Assigned task: Transcribe the listing exactly as written. Leave the images out.

*** Opening Input data ***

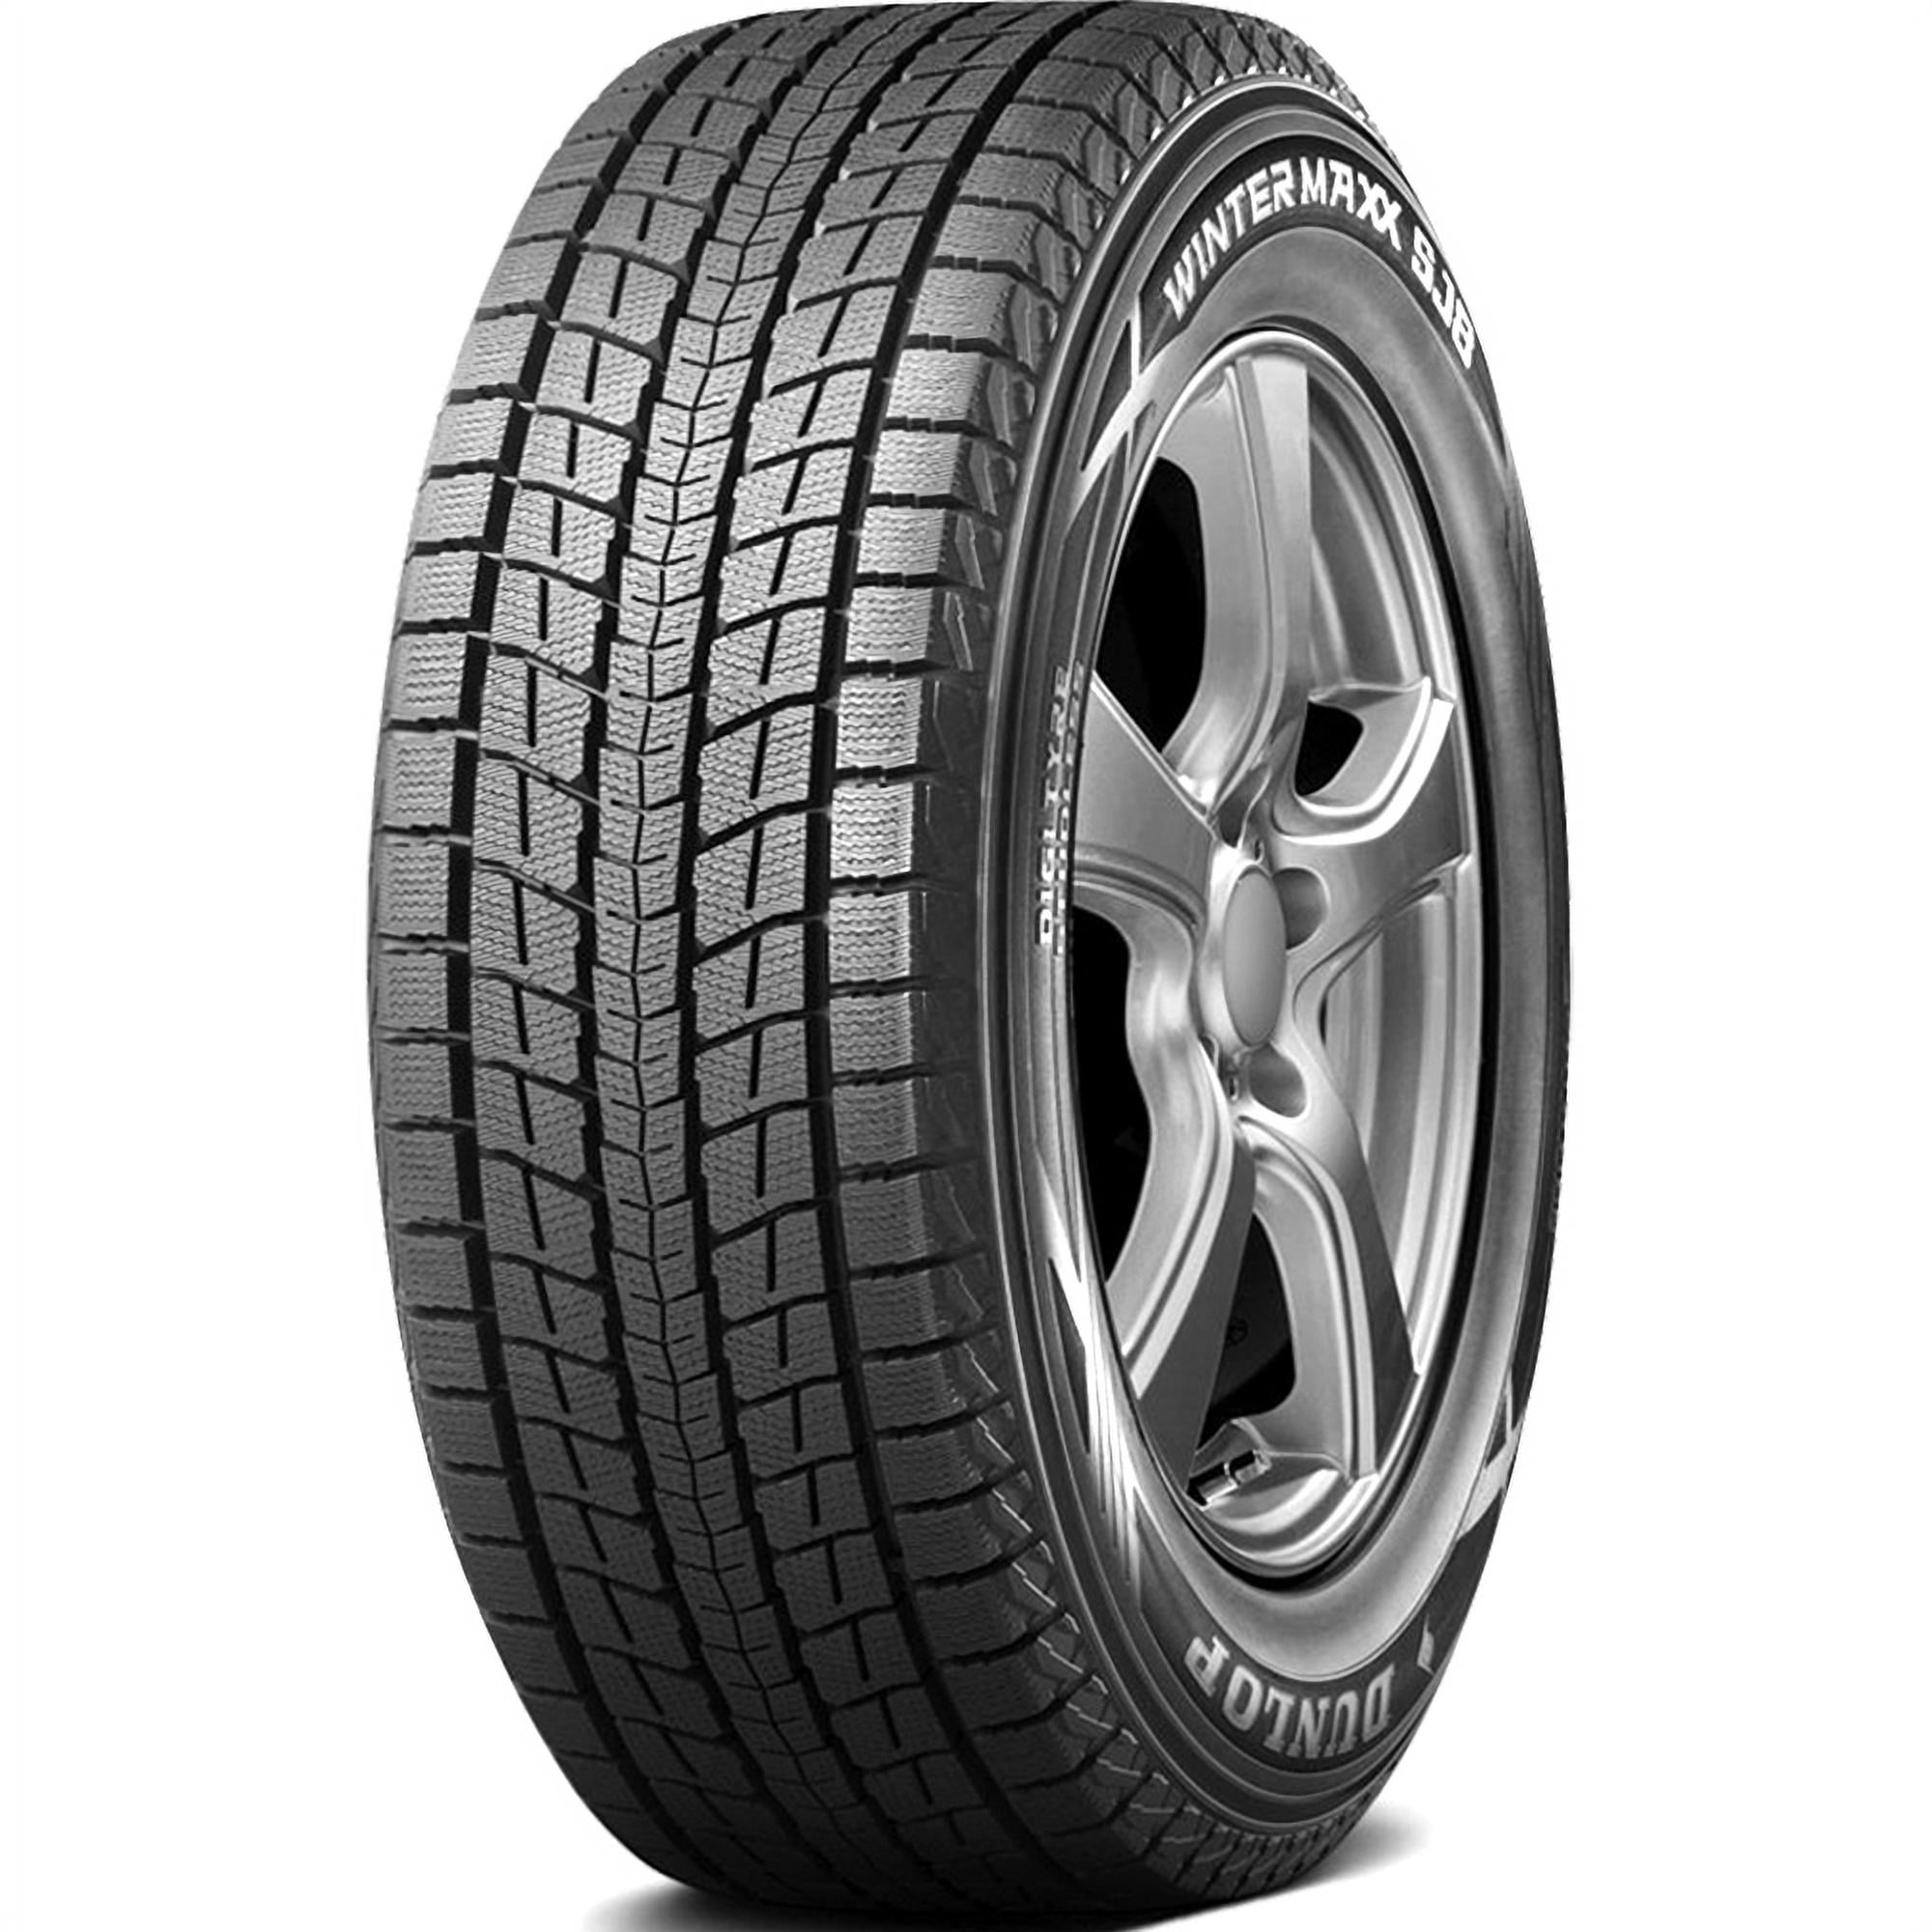 Dunlop Winter Maxx SJ8 235/65R17 108R XL (Studless) Snow Tire 
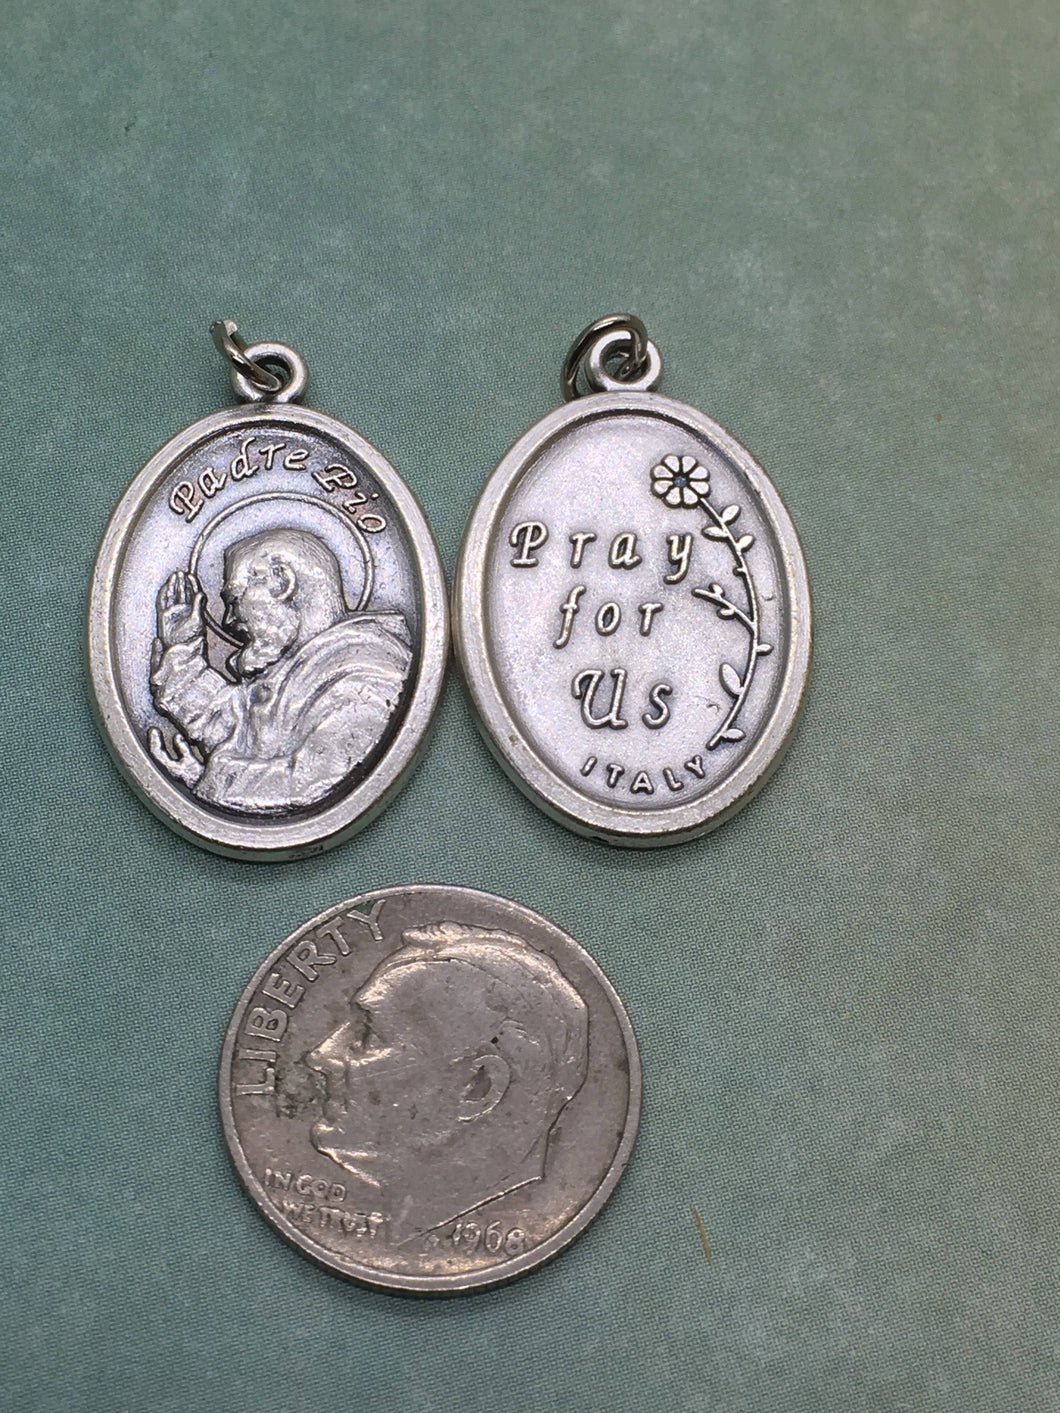 St. Padre Pio of Pietrelcina aka Francesco Forgione holy medal - 4 styles - Italian Catholic saint - stigmata, confessor, Capuchin
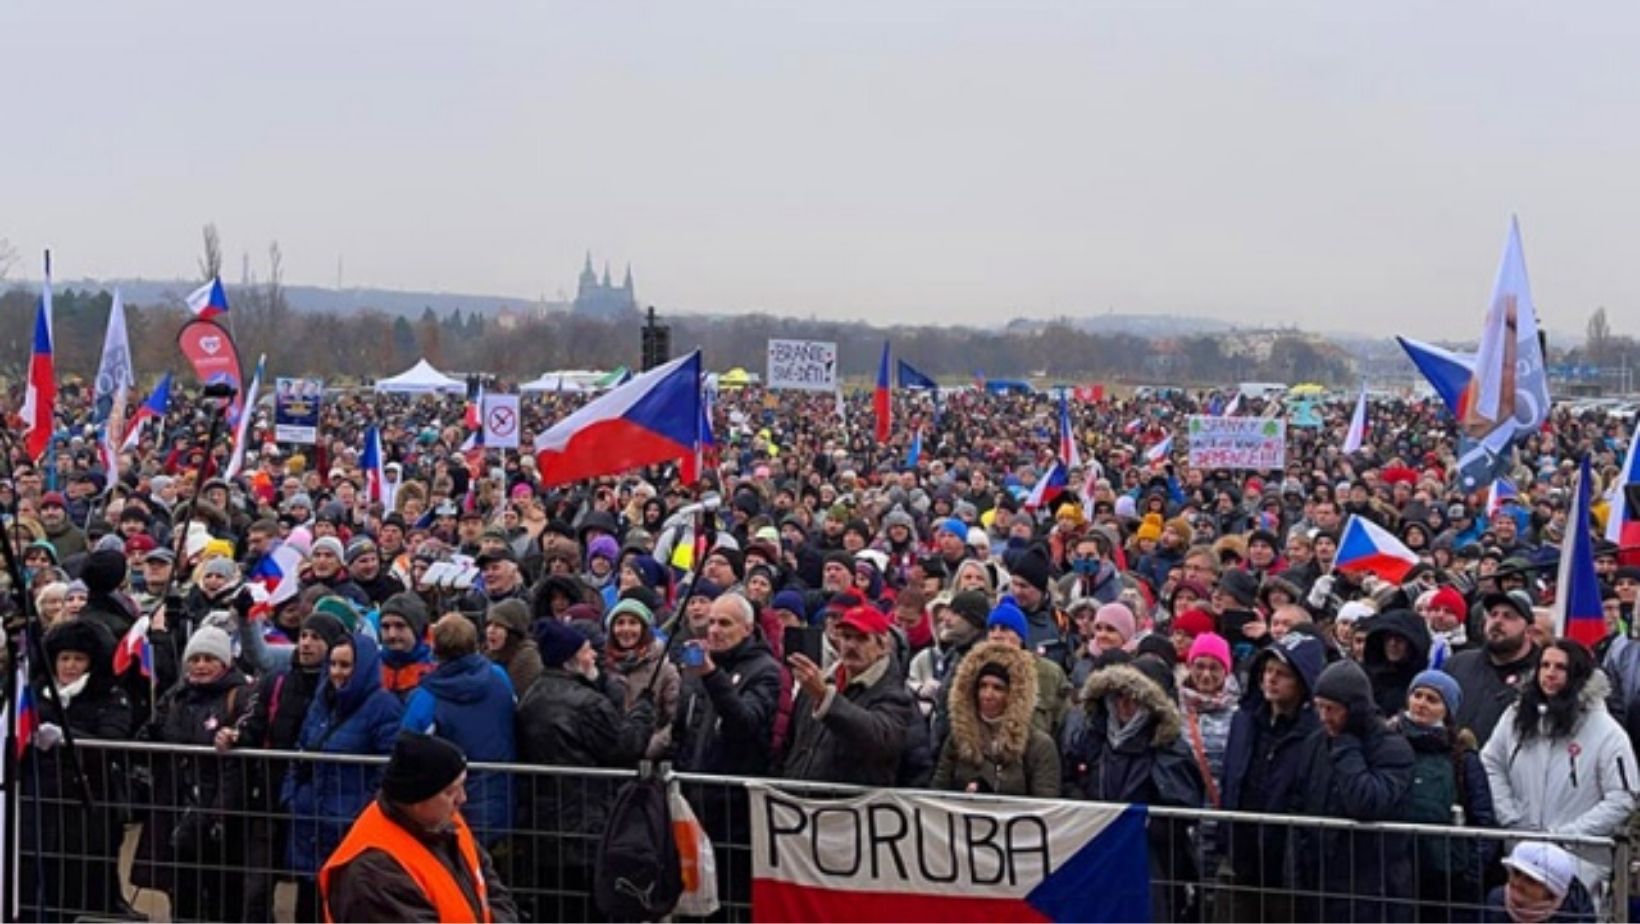 Protest Coronavirus Restrictions in Prague
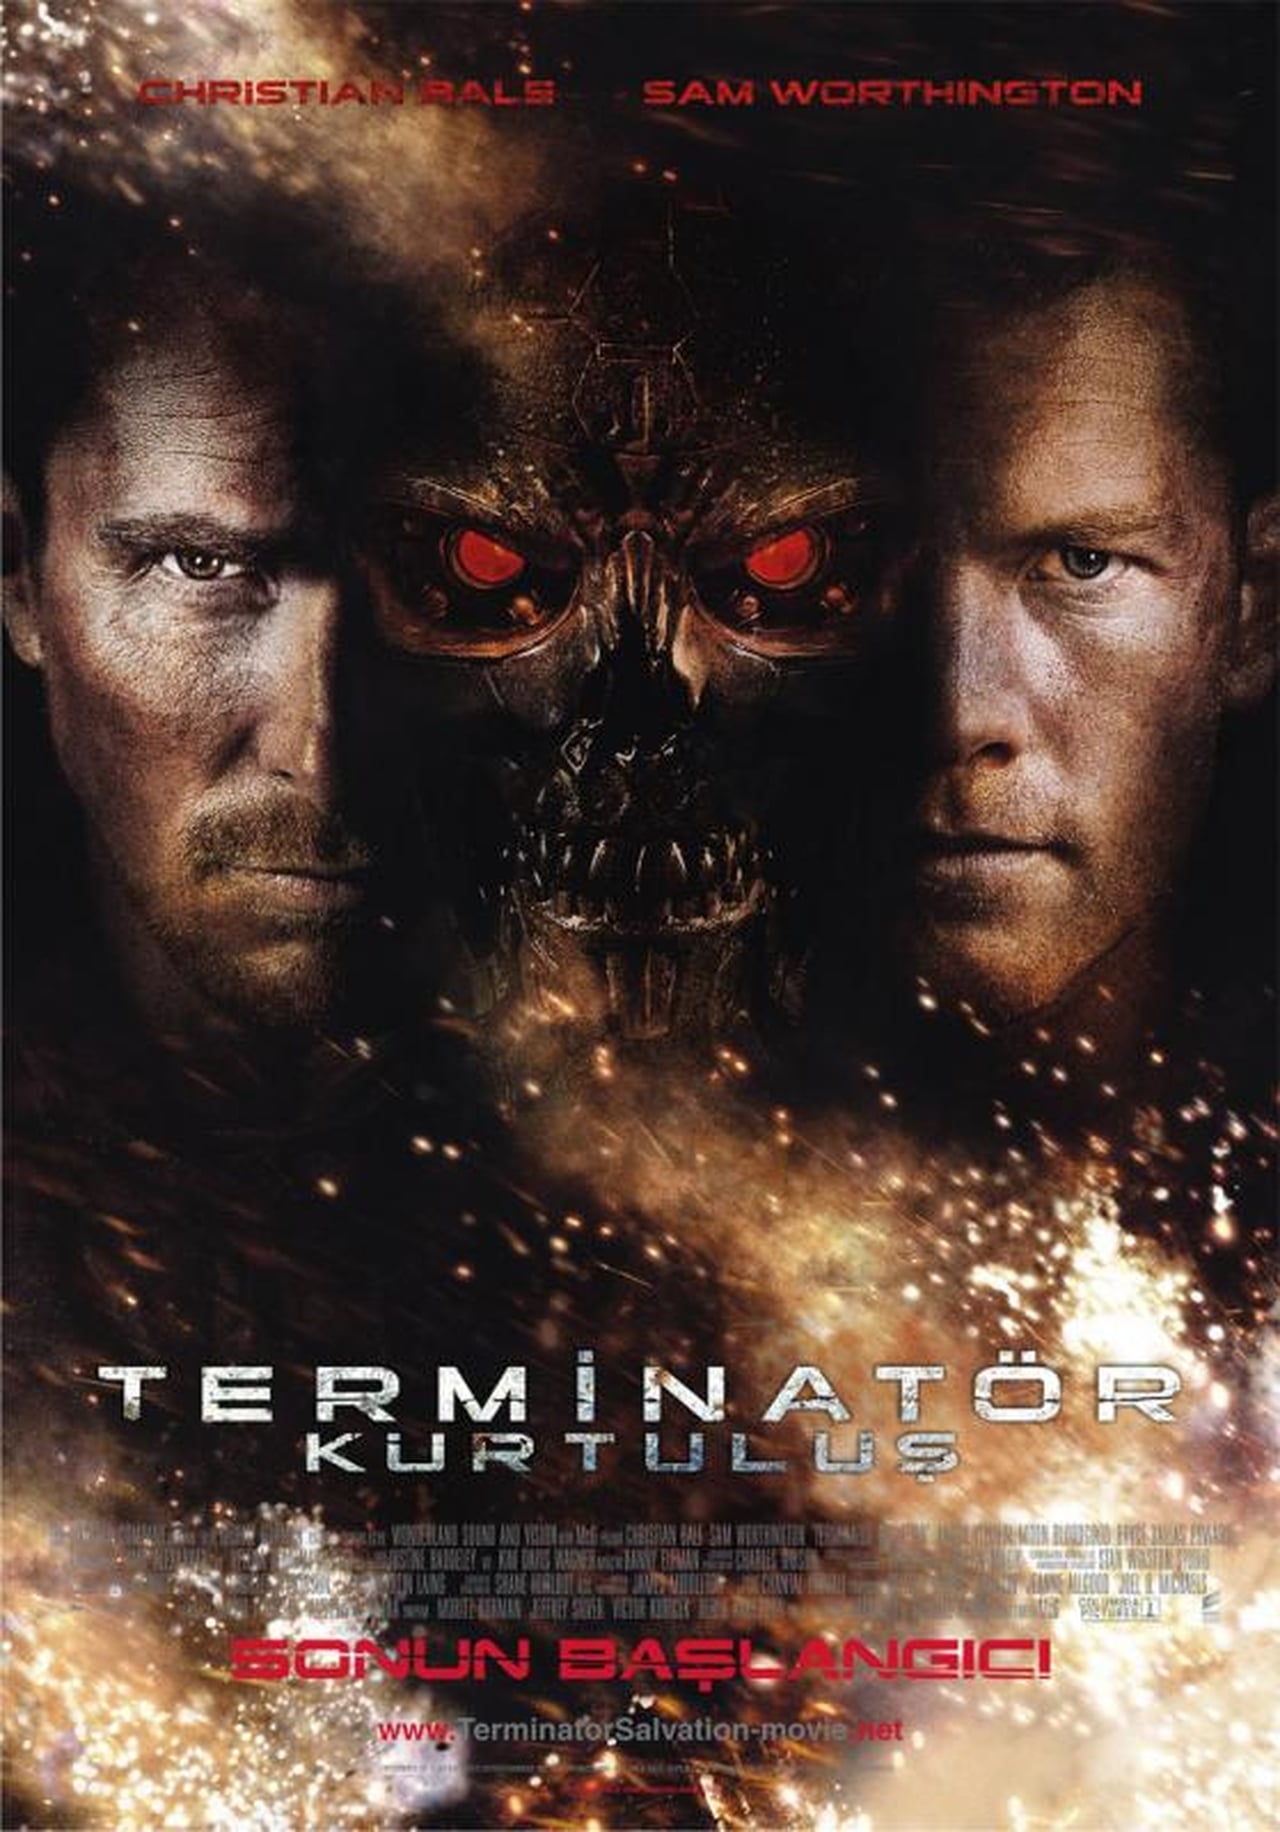 Terminator Salvation (2009) Theatrical Cut 384Kbps 23.976Fps 48Khz 5.1Ch BluRay Turkish Audio TAC

*** Closing Input data ***

Exercise solution:
 Dunlop Winter Maxx SJ8 235/65R17 108R XL (Studless) Snow Tire 
 St. Padre Pio of Pietrelcina aka Francesco Forgione holy medal - 4 styles - Italian Catholic saint - stigmata, confessor, Capuchin
 Protest Coronavirus Restrictions in Prague
 Terminator Salvation (2009) Theatrical Cut 384Kbps 23.976Fps 48Khz 5.1Ch BluRay Turkish Audio TAC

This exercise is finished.